Part 63 (1/2)

He was ushered by a maid-servant into a comfortably but modestly furnished room, where he flung himself into an easy chair and waited.

In a few seconds a light step sounded outside; the door was pushed quickly open, and Madeline Grover came smiling and radiant into the room. The old lawyer rose slowly, and his face relaxed.

”This is an unexpected pleasure,” she said, brightly. ”Have you been hearing again from Sir Charles?”

”Not a word. It's the other man we have to deal with now.”

”What other man?”

”Why the man I sent the money to, of course.”

”Well, what of him?”

”He's in New York, and has nearly worried the life out of me this morning!”

”In New York!” and the hot blood rushed suddenly to her neck and face.

”In New York! And if he don't clear out soon there'll be complications!”

”Why has he come?”

”To look after his property, of course. Are you surprised?”

”I am a little. It never occurred to me that he might come to America.”

”Well, he has come, and the question is whether you are going to make--well, a clean breast of it, or allow him to ferret it out himself?”

”Oh! he must not know for the world!” she said, in a tone of alarm.

”He's bound to get to know sooner or later that somebody has made him a present of five thousand dollars----”

”No, it is only a loan,” she interrupted, quickly.

Mr. Graythorne laughed. ”A loan that was never to be paid, eh? A loan by an anonymous lender? Well, what's in a name? Call it a loan if the word pleases you better.”

”But you know what I mean.
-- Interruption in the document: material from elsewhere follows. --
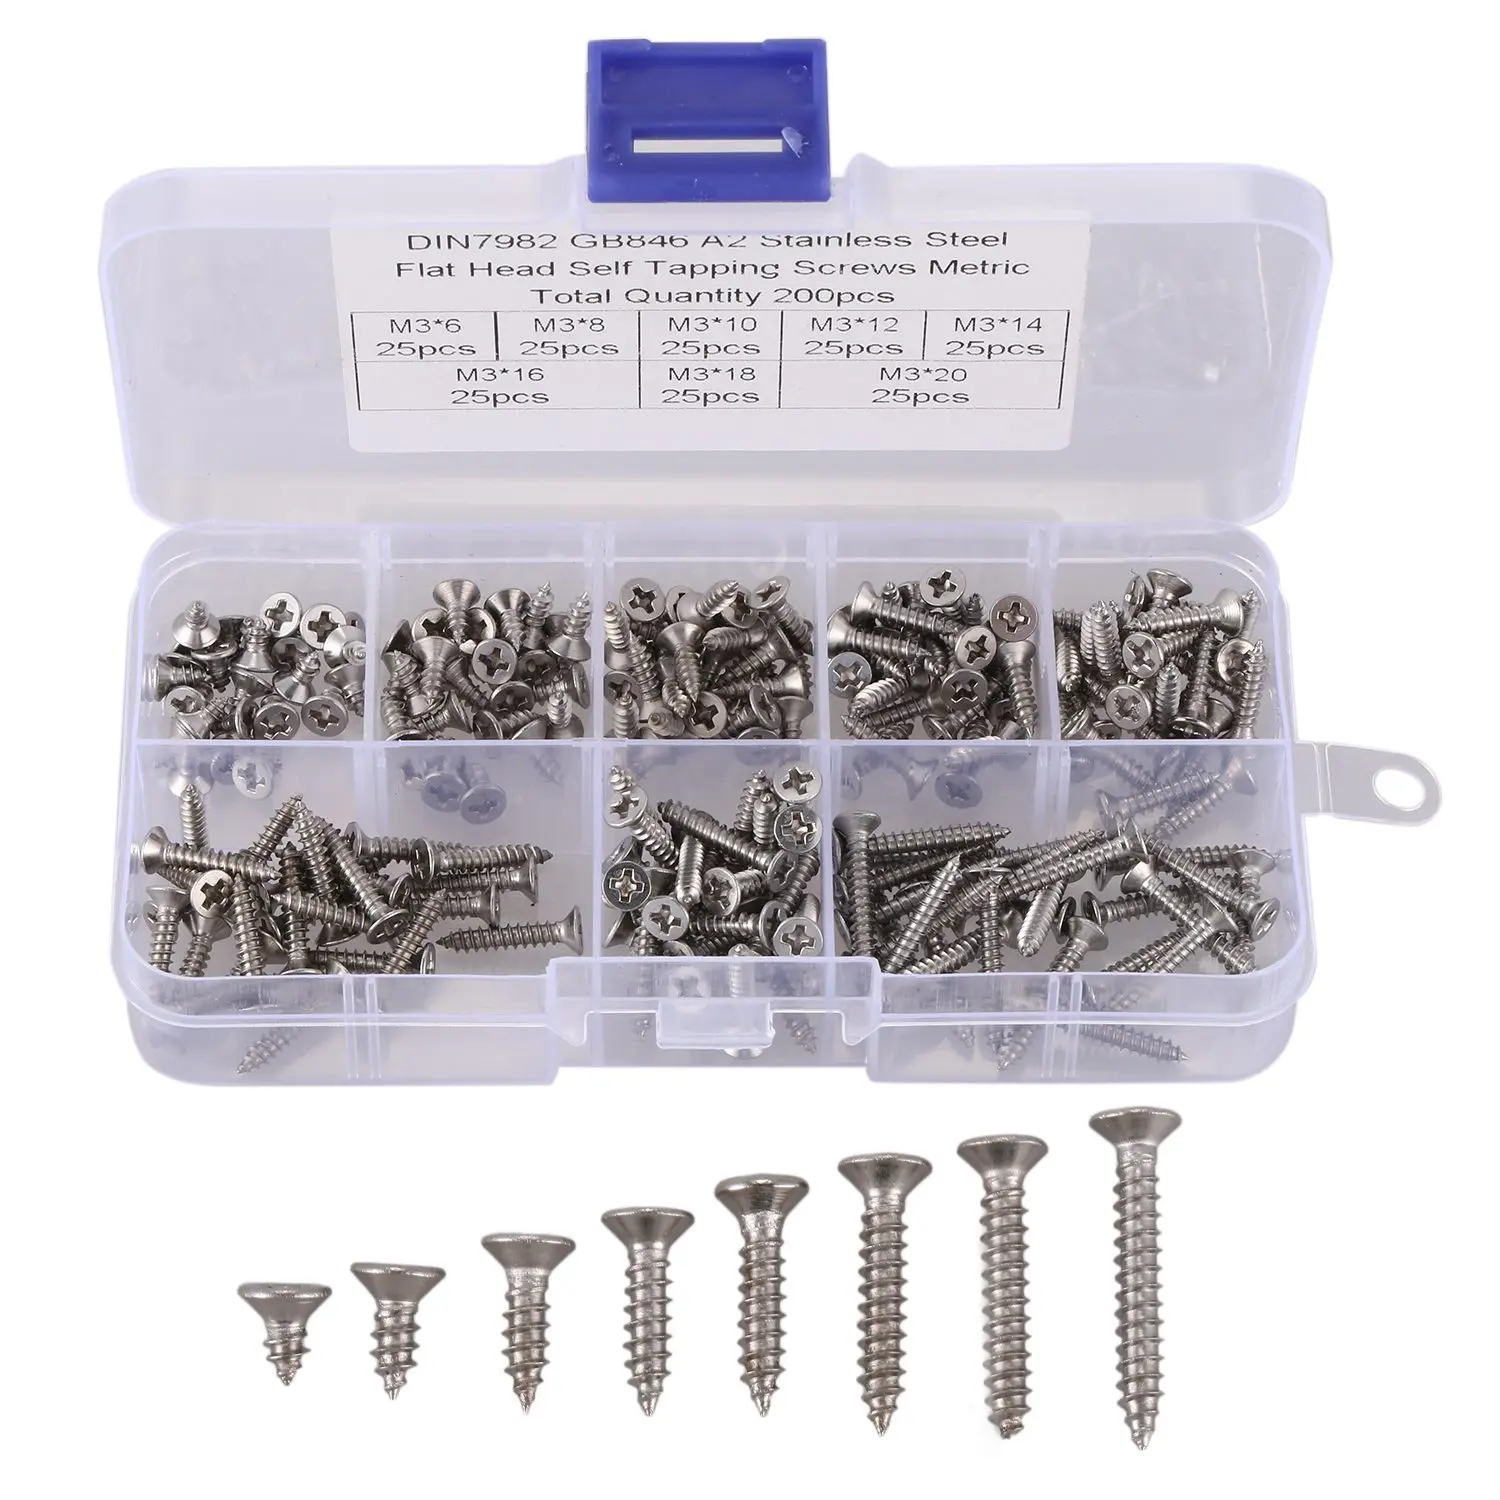 

200Pcs M3 Stainless Steel Flat Head Screws Kits High Strength Self-Tapping Screws Assortment Set For Wood Furniture

Some day, of course,--years and years hence, when nothing matters”--and she blushed uncomfortably; ”but just now nothing need be said or even hinted----”

”I understand,” he said, with a twitching of the lips.
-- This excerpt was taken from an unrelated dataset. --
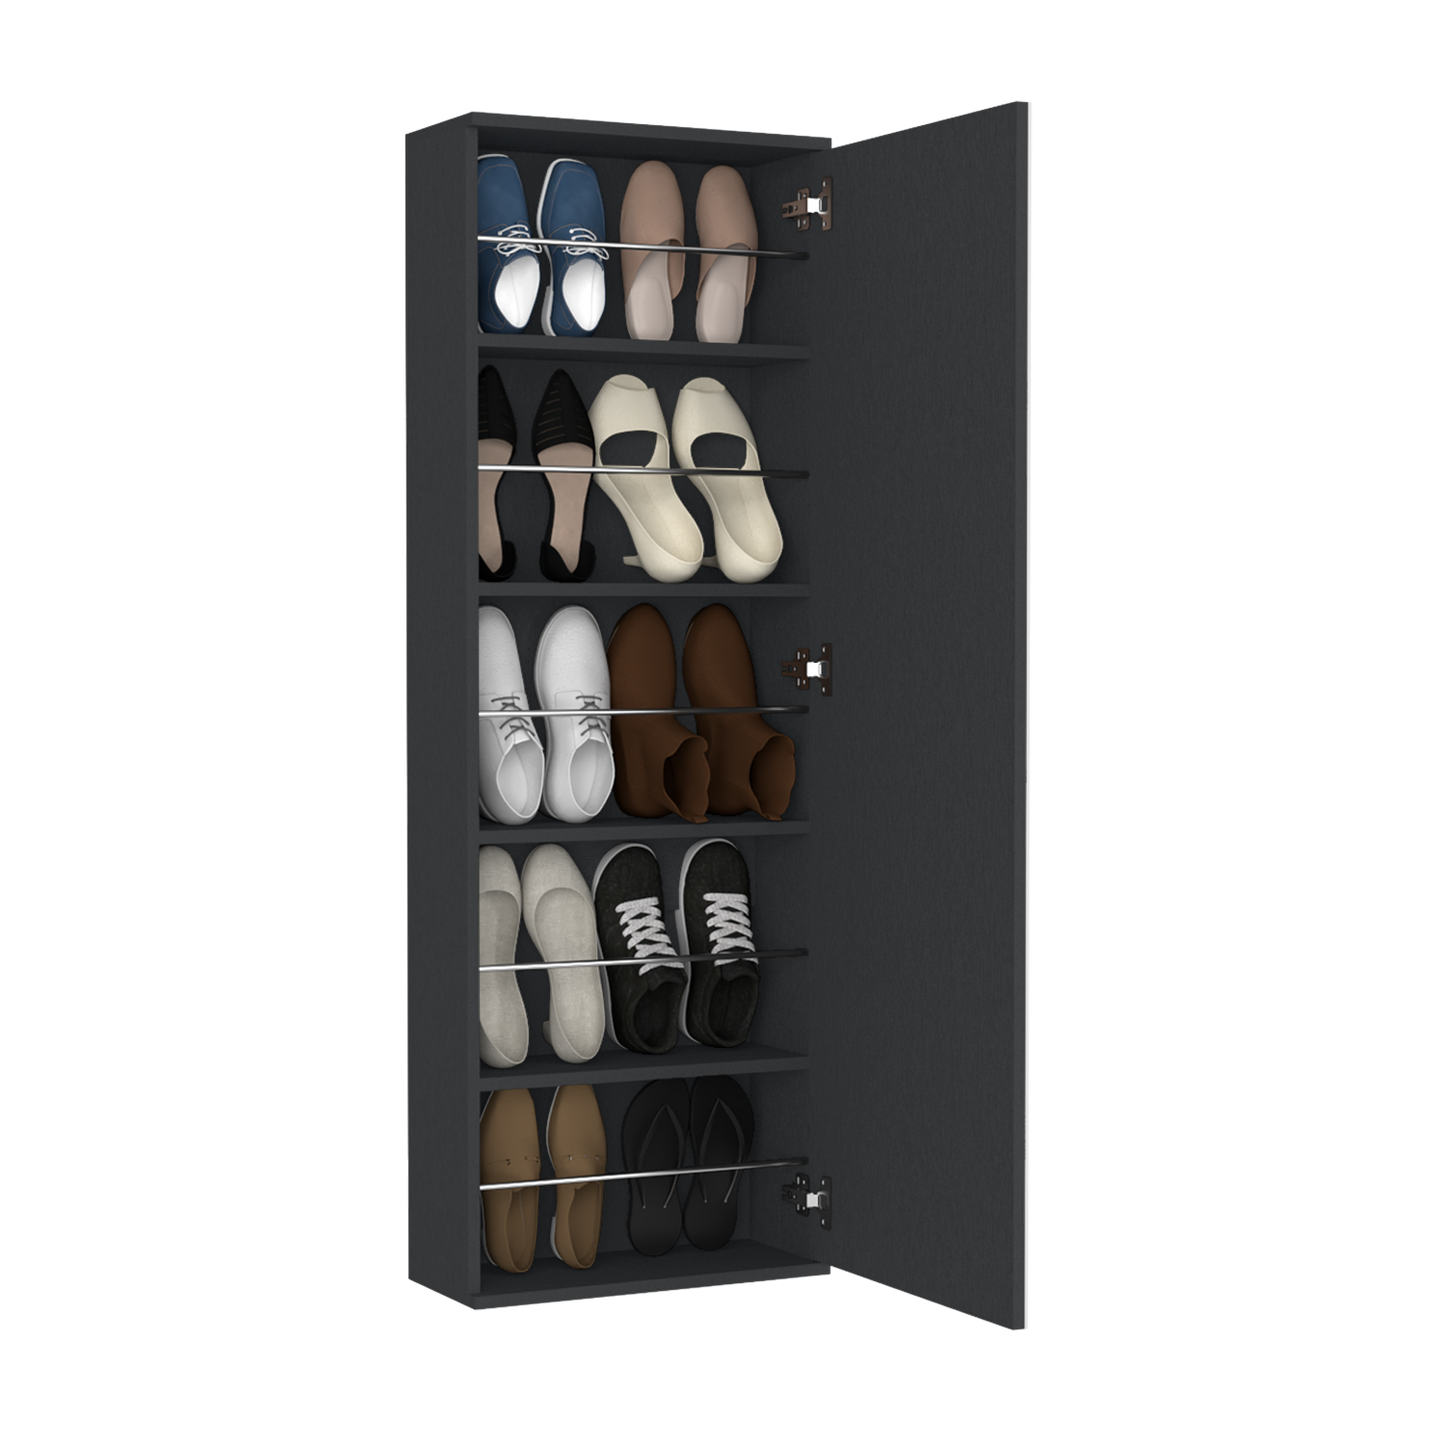 Wall Mounted Shoe Rack With Mirror Chimg, Single Door, Black Wengue Finish-3

”You know very well that he has property out West somewhere, which he is bound to come into possession of soon, and it seemed a pity that he should starve and perhaps die while waiting for it.”

”Well, yes; the motive does you credit.”

”You ascertained beforehand, as you know, that he would have plenty to pay me back with later on, and, after all, the sum was only a small one.”

”To you, perhaps.”

”But to him it would mean everything, and I owe him more than gold can ever pay. As I told you before, he saved my life and nearly lost his own in doing it.”

”Quite a pretty little romance, I own; worked up into a story it would read very well. But how about the present situation?”